We investigate survival outcomes and continuous covariates across 162 scenarios, with the log hazard ratio as the measure of effect. Study sample sizes and the degree of covariate overlap reflect scenarios typically encountered in health technology appraisals of oncology drugs. MAIC yields unbiased treatment effect estimates and is the least biased and most accurate method in the scenarios considered. Standard errors underestimate variability with small sample sizes, leading to undercoverage. The bias reduction of MAIC generally outweighs the loss in precision, even under poor covariate overlap.

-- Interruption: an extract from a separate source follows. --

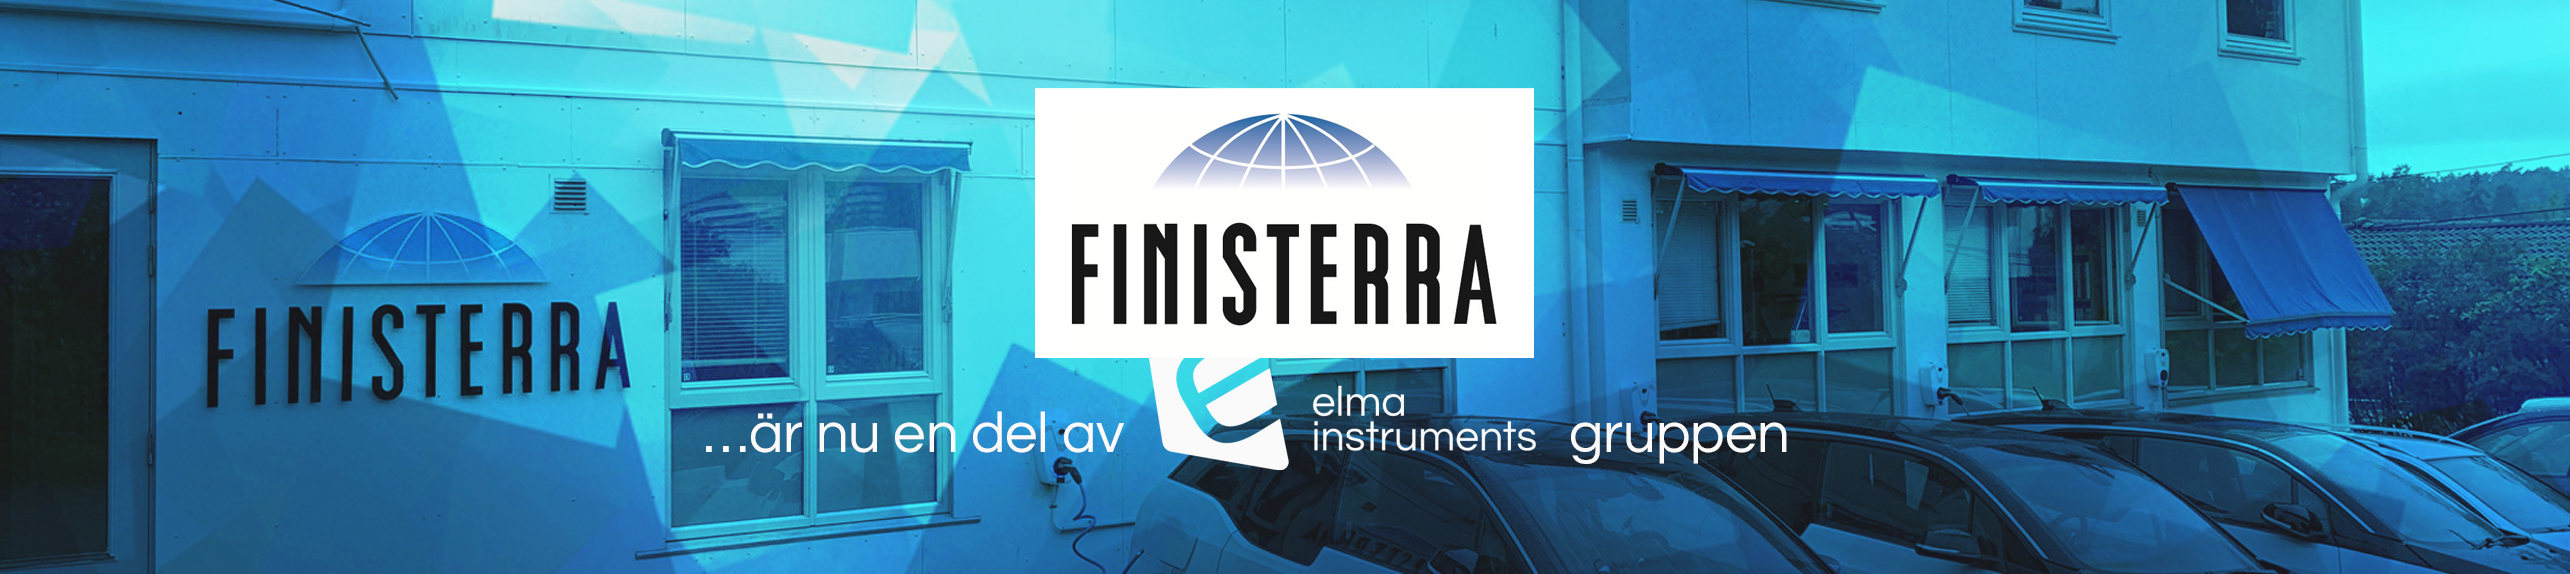 Finisterra är nu en del av Elma Instruments-gruppen

STC is systematically biased because it targets a conditional treatment effect as opposed to a marginal treatment effect. This measure of effect is incompatible in the indirect treatment comparison due to the non-collapsibility of the (log) hazard ratio. Measures of effect in most health technology assessment applications are non-collapsible. Hence, we discourage the use of STC in most cases. As expected, the Bucher method is biased and overprecise. Bias increases with poorer overlap and stronger effect-modifying interactions.
The simulation study has some limitations. Firstly, population adjustment methods make very strong assumptions and a greater number of these than standard indirect comparisons. Failures in assumptions are not explored in this study and future simulation studies should assess the methods under model misspecification. Conclusions are also dependent on model/outcome type. We have considered survival outcomes and Cox proportional hazards models. Bias-variance trade-offs may differ in less efficient setups, e.g. binary outcomes and logistic regression. A huge thank you to the peer reviewers that helped improve the manuscript. Of course, note that this is still a pre-print yet to be fully certified by peer review.